Neurotoxic Soluble Amyloid Oligomers Drive Alzheimer's Pathogenesis and Represent a Clinically Validated Target for Slowing Disease Progression

A large body of clinical and nonclinical evidence supports the role of neurotoxic soluble beta amyloid (amyloid, A beta) oligomers as upstream pathogenic drivers of Alzheimer's disease (AD).

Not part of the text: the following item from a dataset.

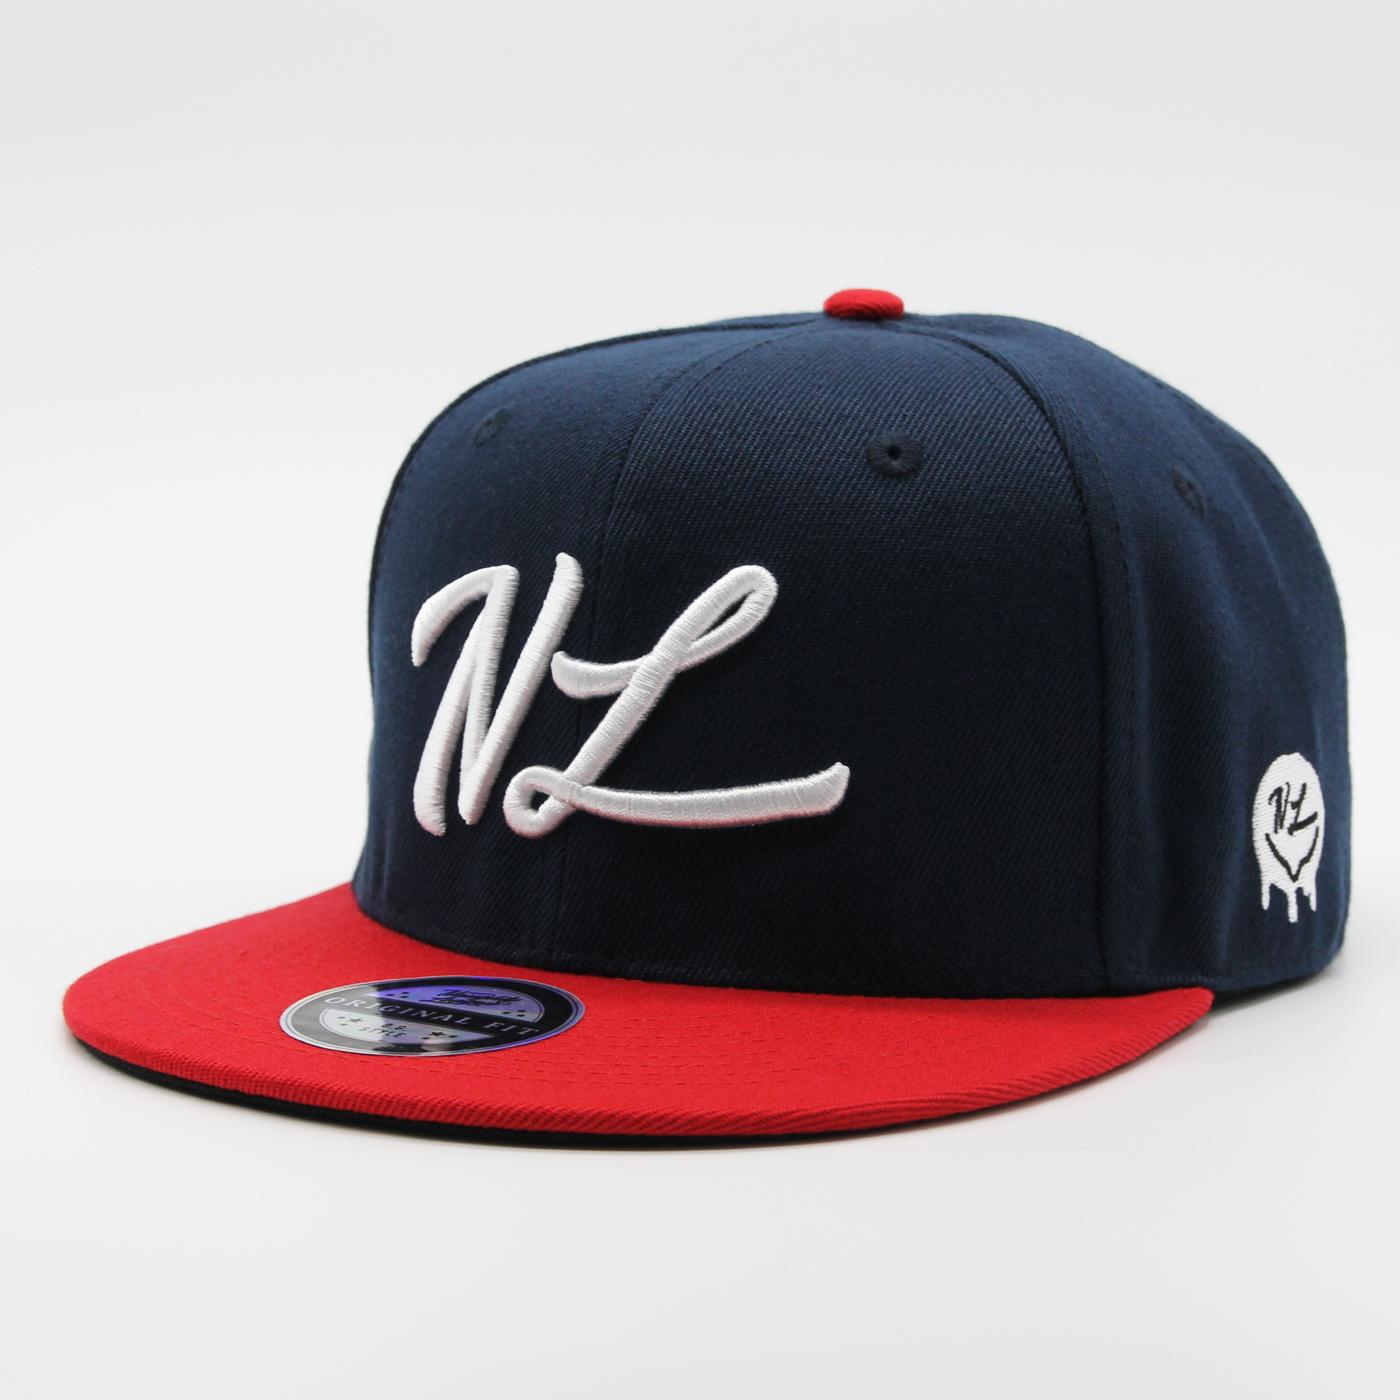 Naughty League Icon Basic Fitted navy/red/white

Recent late-stage trials in AD that have evaluated agents targeting distinct species of A beta provide compelling evidence that inhibition of A beta oligomer toxicity represents an effective approach to slow or stop disease progression: (1) only agents that target soluble A beta oligomers show clinical efficacy in AD patients; (2) clearance of amyloid plaque does not correlate with clinical improvements; (3) agents that predominantly target amyloid monomers or plaque failed to show clinical effects; and (4) in positive trials, efficacy is greater in carriers of the epsilon 4 allele of apolipoprotein E (APOE4), who are known to have higher brain concentrations of A beta oligomers. These trials also show that inhibiting A beta neurotoxicity leads to a reduction in tau pathology, suggesting a pathogenic sequence of events where amyloid toxicity drives an increase in tau formation and deposition. The late-stage agents with positive clinical or biomarker data include four antibodies that engage A beta oligomers (aducanumab, lecanemab, gantenerumab, and donanemab) and ALZ-801, an oral agent that fully blocks the formation of A beta oligomers at the clinical dose.